* _About this exercise_:
Each line below from the line with "cell therapy build" to the line with "Select Scotish songs, ancient and modern" must be copied exactly, including those two, and no picture may appear in the copy.

* _Entries supplied_:
————————

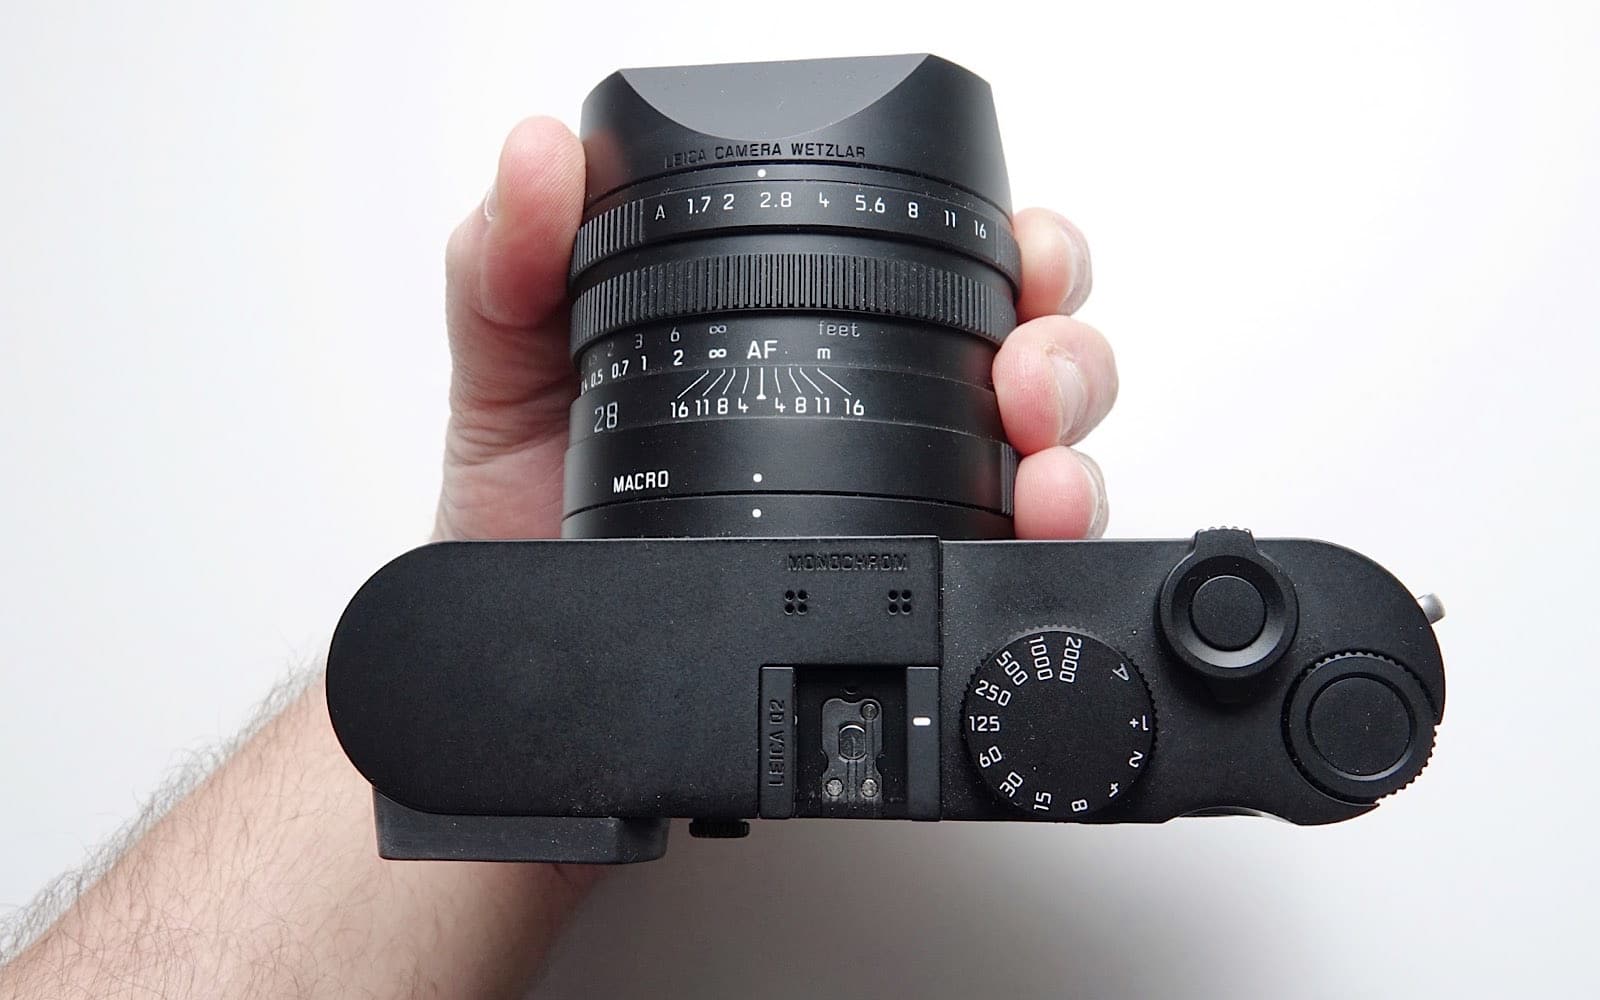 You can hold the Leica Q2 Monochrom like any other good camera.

————————

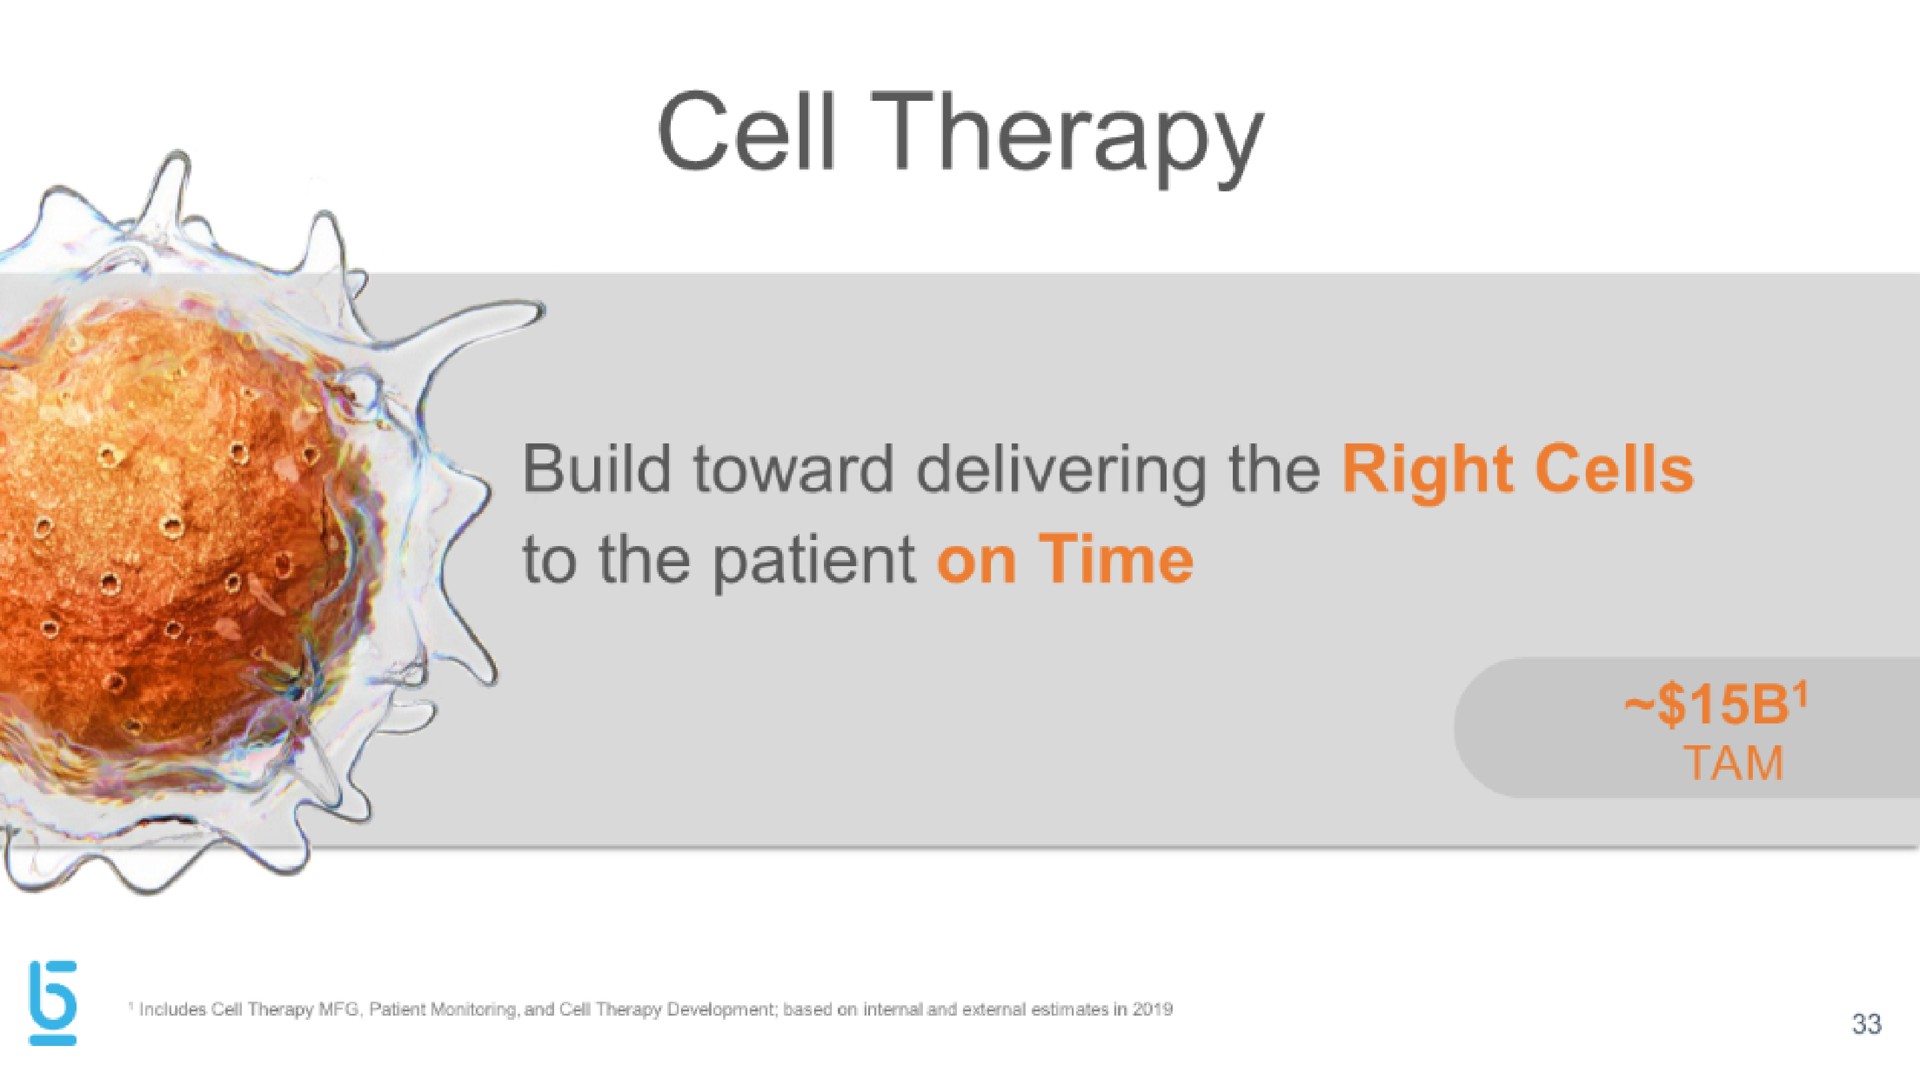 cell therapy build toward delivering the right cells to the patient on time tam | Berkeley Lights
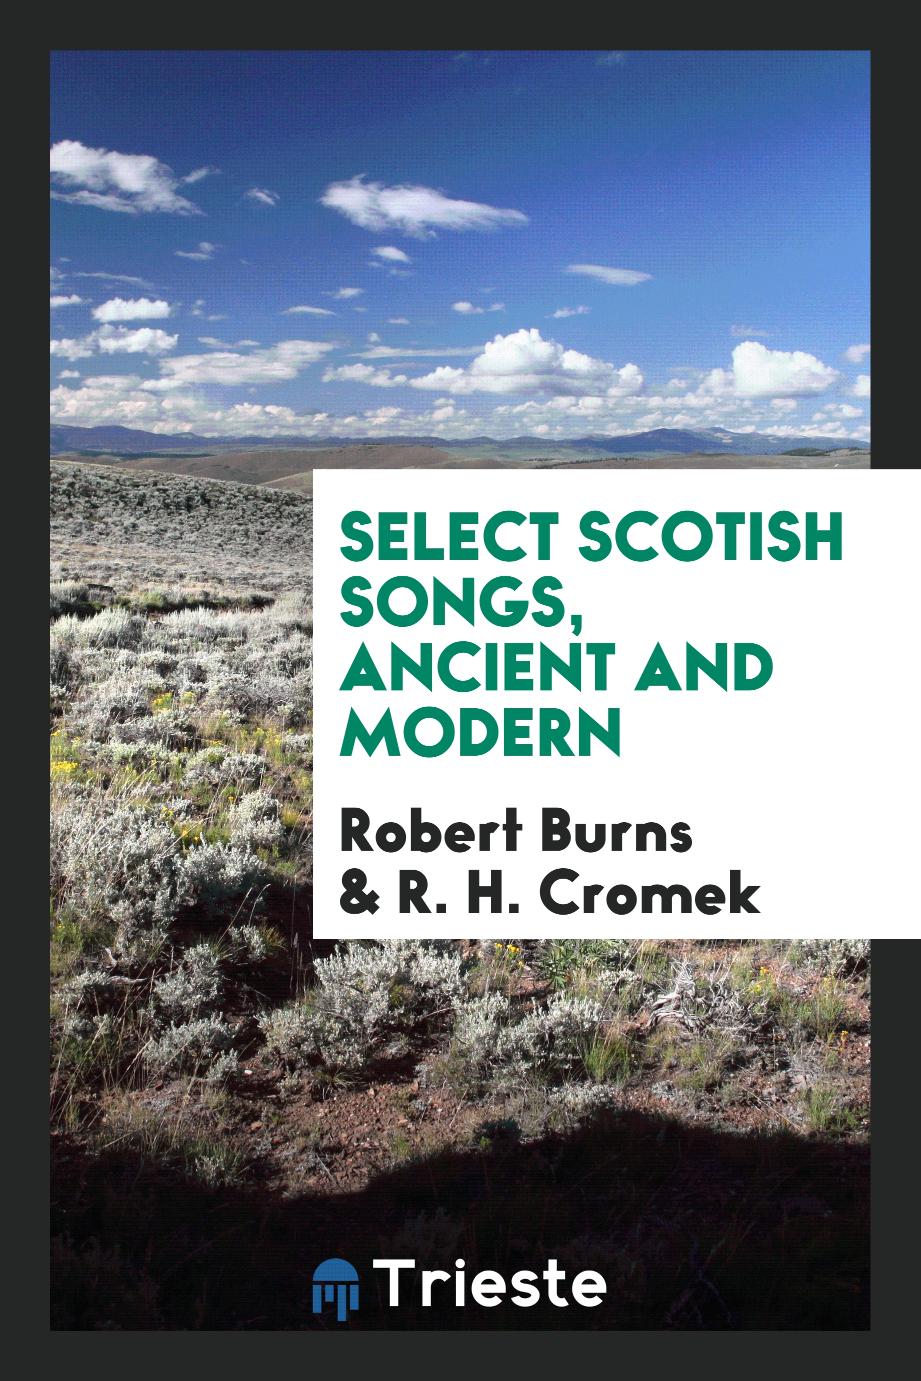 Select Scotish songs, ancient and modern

————————

* _Reply to the task_:
 cell therapy build toward delivering the right cells to the patient on time tam | Berkeley Lights
 Select Scotish songs, ancient and modern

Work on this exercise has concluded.